Information provided »
--------------------------------------------------

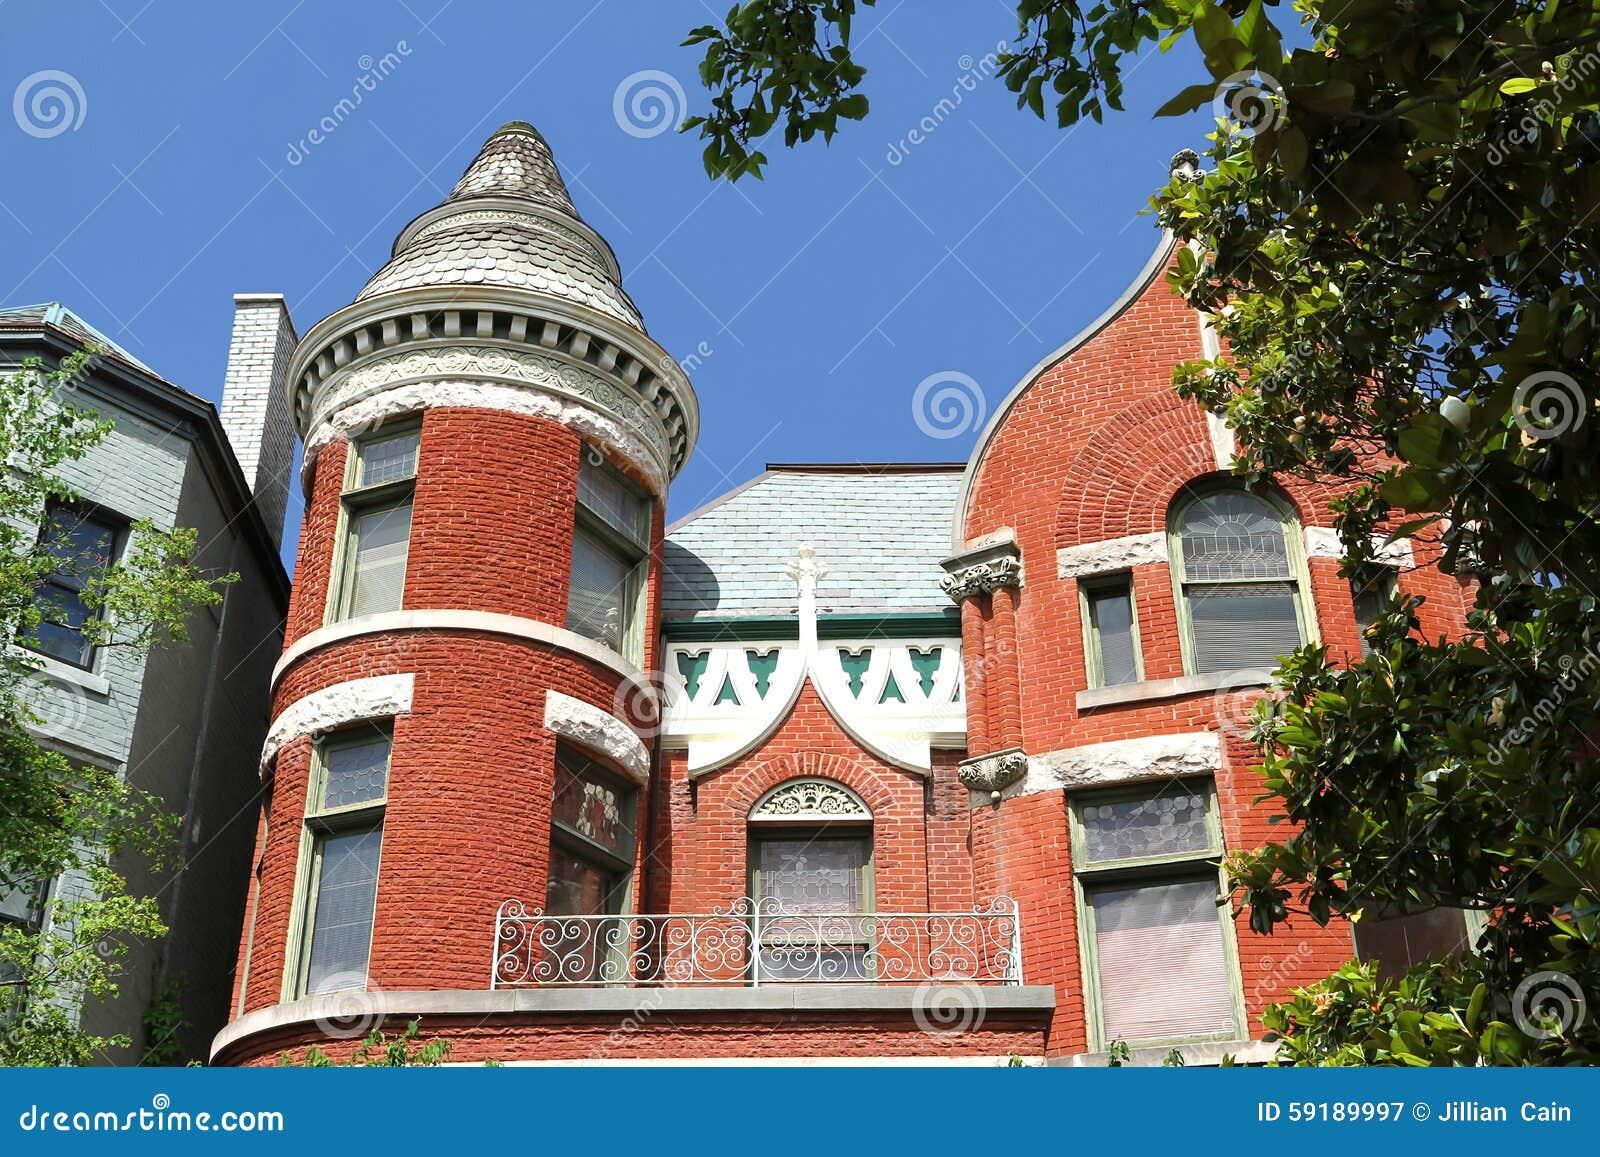 Victorian facade in Old Louisville, Kentucky, USA
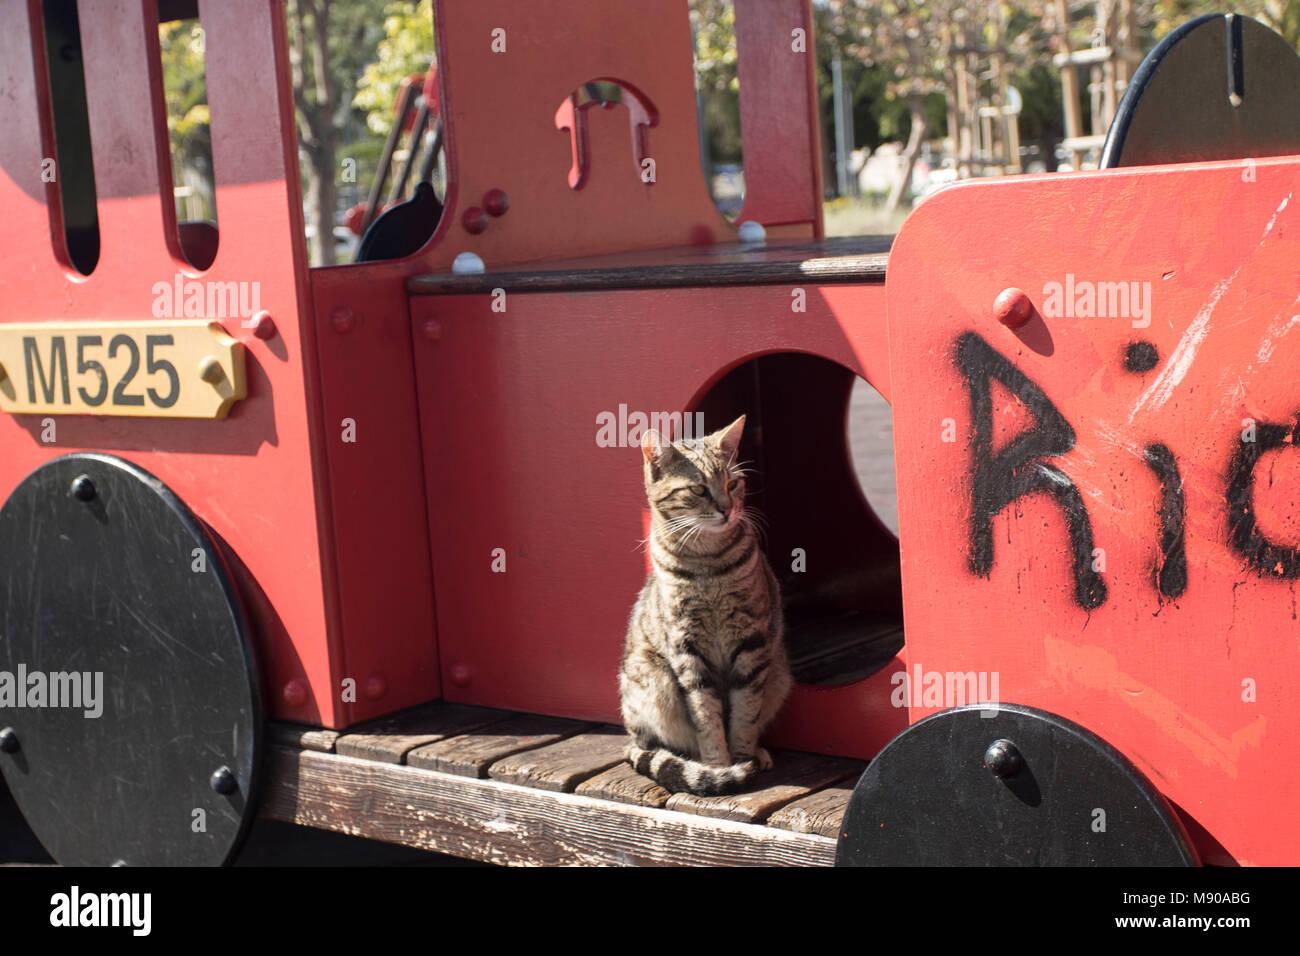 Cat on red playground train the limassol Municipal gardens in spring, Limmasol, Cyprus, Mediterranean - Stock Image
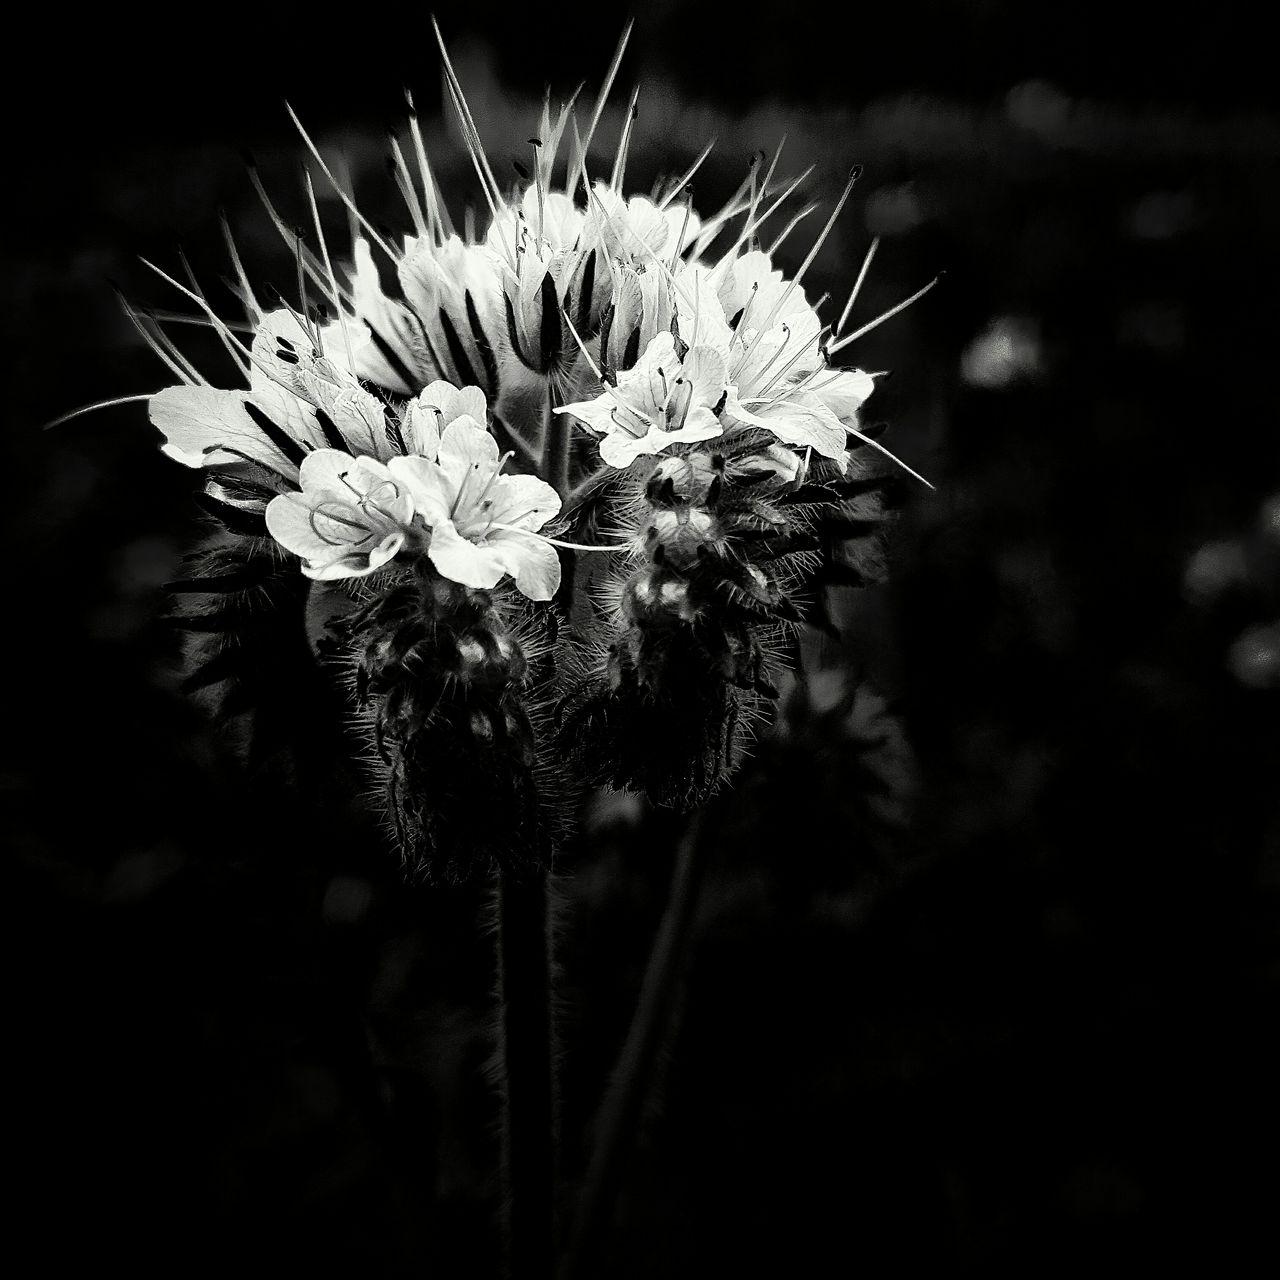 Black Background Outdoors No People Fragility Close-up Flower Flower Head Plant Nature Blackandwhite Black And White Photography Phacelia Tanacetifolia Black And White Friday
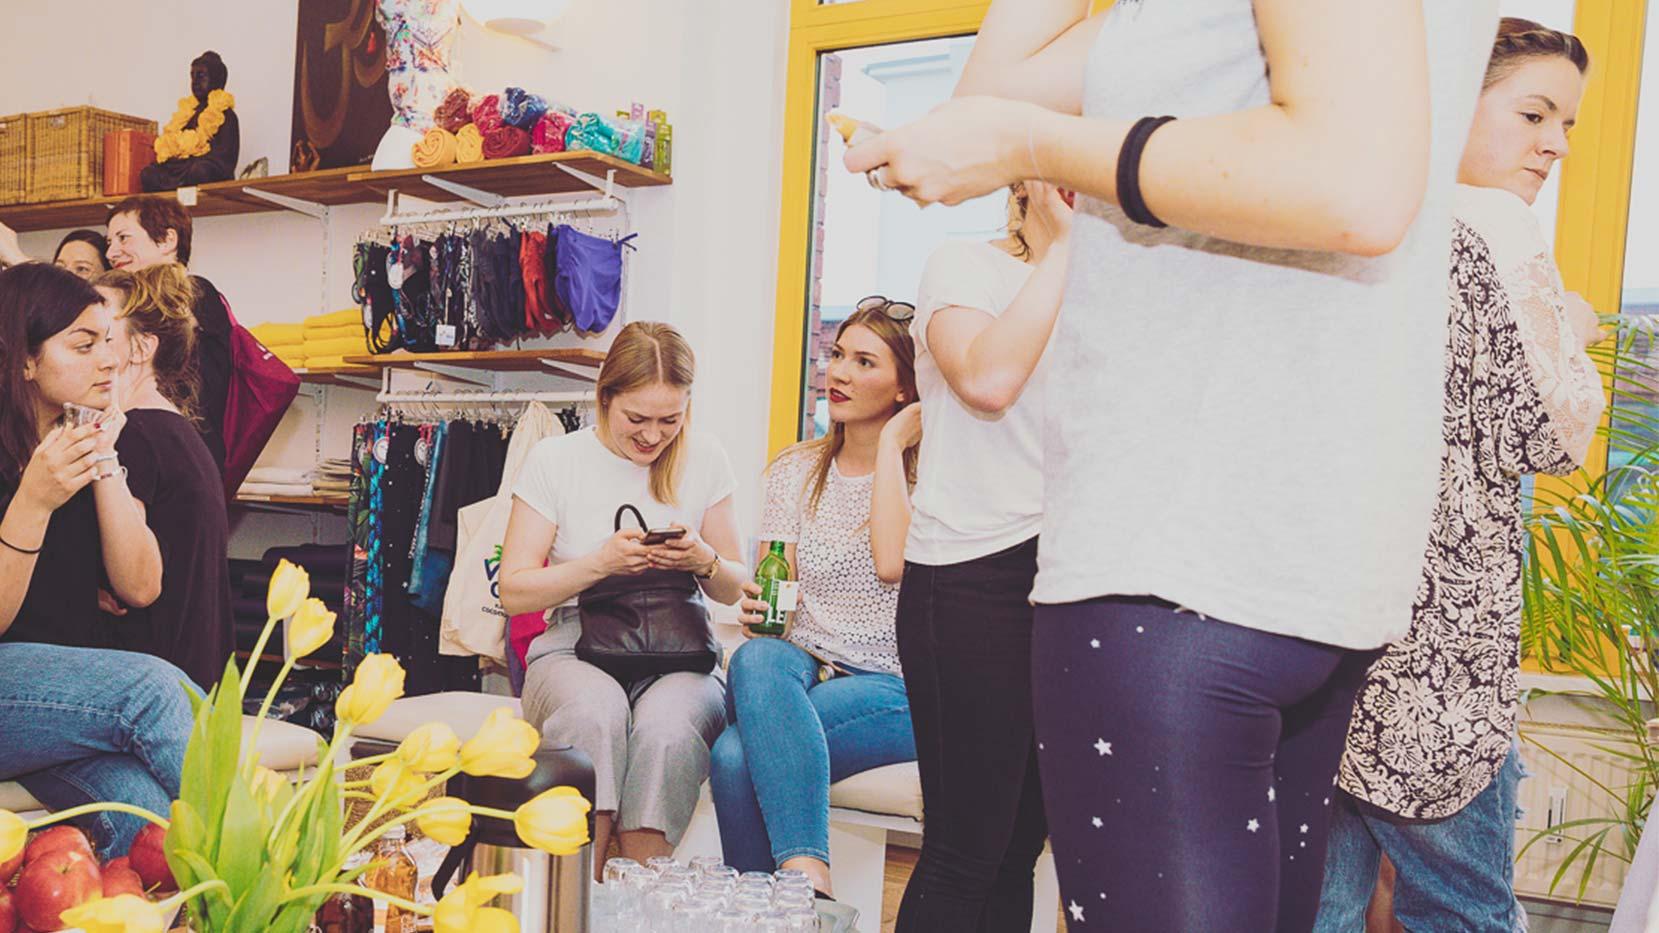 Yoga Event mit Zalando in Koop mit Jelena Lieberberg

--------------------------------------------------

What this task involves » Copy the line showing "Cat on red playground" exactly, along with each line after it through the end of the material above. Pictures stay out.

Answer for the task »
 Cat on red playground train the limassol Municipal gardens in spring, Limmasol, Cyprus, Mediterranean - Stock Image
 Black Background Outdoors No People Fragility Close-up Flower Flower Head Plant Nature Blackandwhite Black And White Photography Phacelia Tanacetifolia Black And White Friday
 Yoga Event mit Zalando in Koop mit Jelena Lieberberg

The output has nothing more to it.